Silicon-rhodamine (SiR) is structurally related to the well-known family of rhodamine fluorophores (e.g. Texas Red and TMR: tetramethylrhodamine), but exhibits a variety of distinctly different and advantageous properties for applications in live cell microscopy experiments (see Figure 1 for structure). SiR is a bright and far-red fluorophore with excitation and emission wavelengths around 650 and 670 nm, a spectral range where very little autofluorescence and phototoxicity occurs. The long wavelength allows a high penetration depth and consequently deeper imaging.

Fig. 1: SiR-based probes for live-cell imaging. (a) SiR derivatives exist in equilibrium between the fluorescent zwitterionic (open) form and the non-fluorescent spiro (closed) form. Binding of the probe to the target of the ligand favors the fluorescent open form, whereas free, unbound SiR probes exist mainly in the closed non-fluorescent form, presumably stabilized by reversible hydrophobic aggregation. (b) Structures of SiR derivatives described in this review. Only the closed spiro form of the fluorophore is shown.

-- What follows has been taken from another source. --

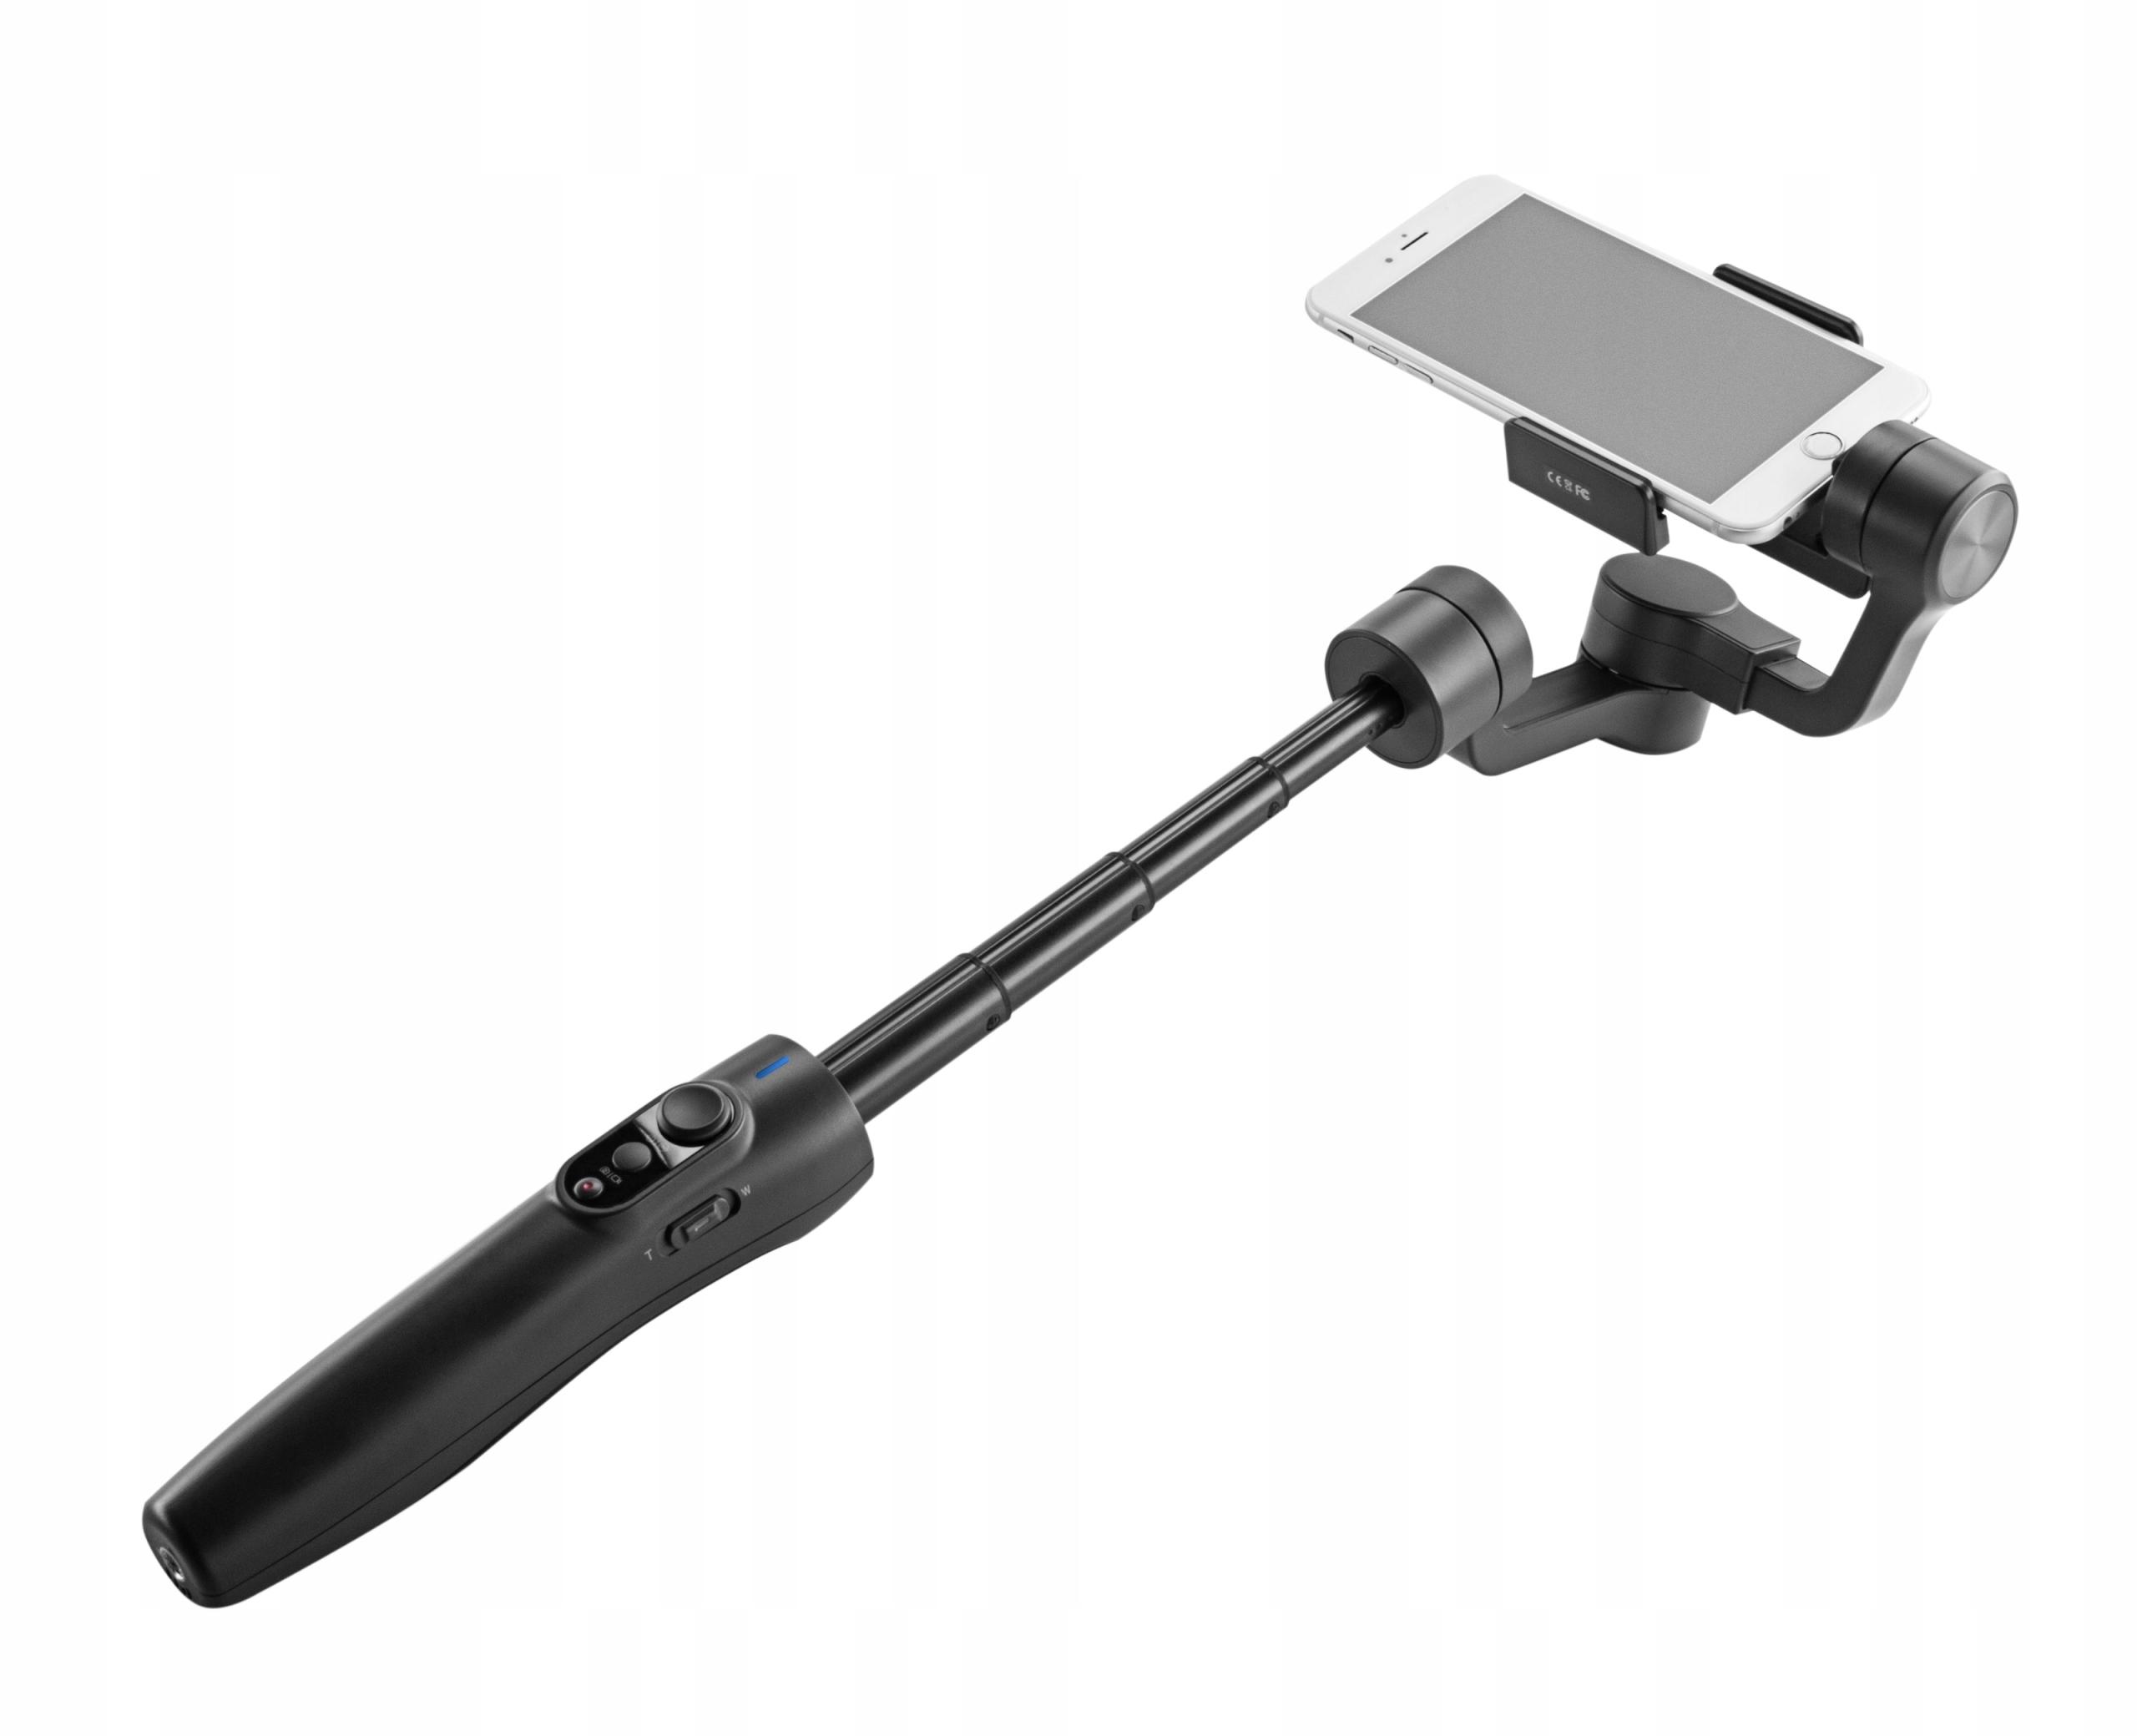 фото стабилизатора для телефона с моноподом Feiyu Tech Vimble 2S

Very importantly, SiRs have been shown to be membrane permeable and therefore allow staining in living cells without tedious transfection protocols.

Another key feature of SiR derivatives is their fluorogenic character. Depending on their environment, they reversibly adopt a non-fluorescent spirolactone form (OFF-state) or a highly fluorescent zwitterionic form (ON-state), respectively (Figure 1). The ON-state is favored by binding to the reaction partner. Therefore, by proper design of SiR-fluorophore based probes, a more than 100-fold increase of fluorescence upon target binding can be achieved. The result is a highly sensitive imaging with low background levels even without removal of excess probe through washing steps.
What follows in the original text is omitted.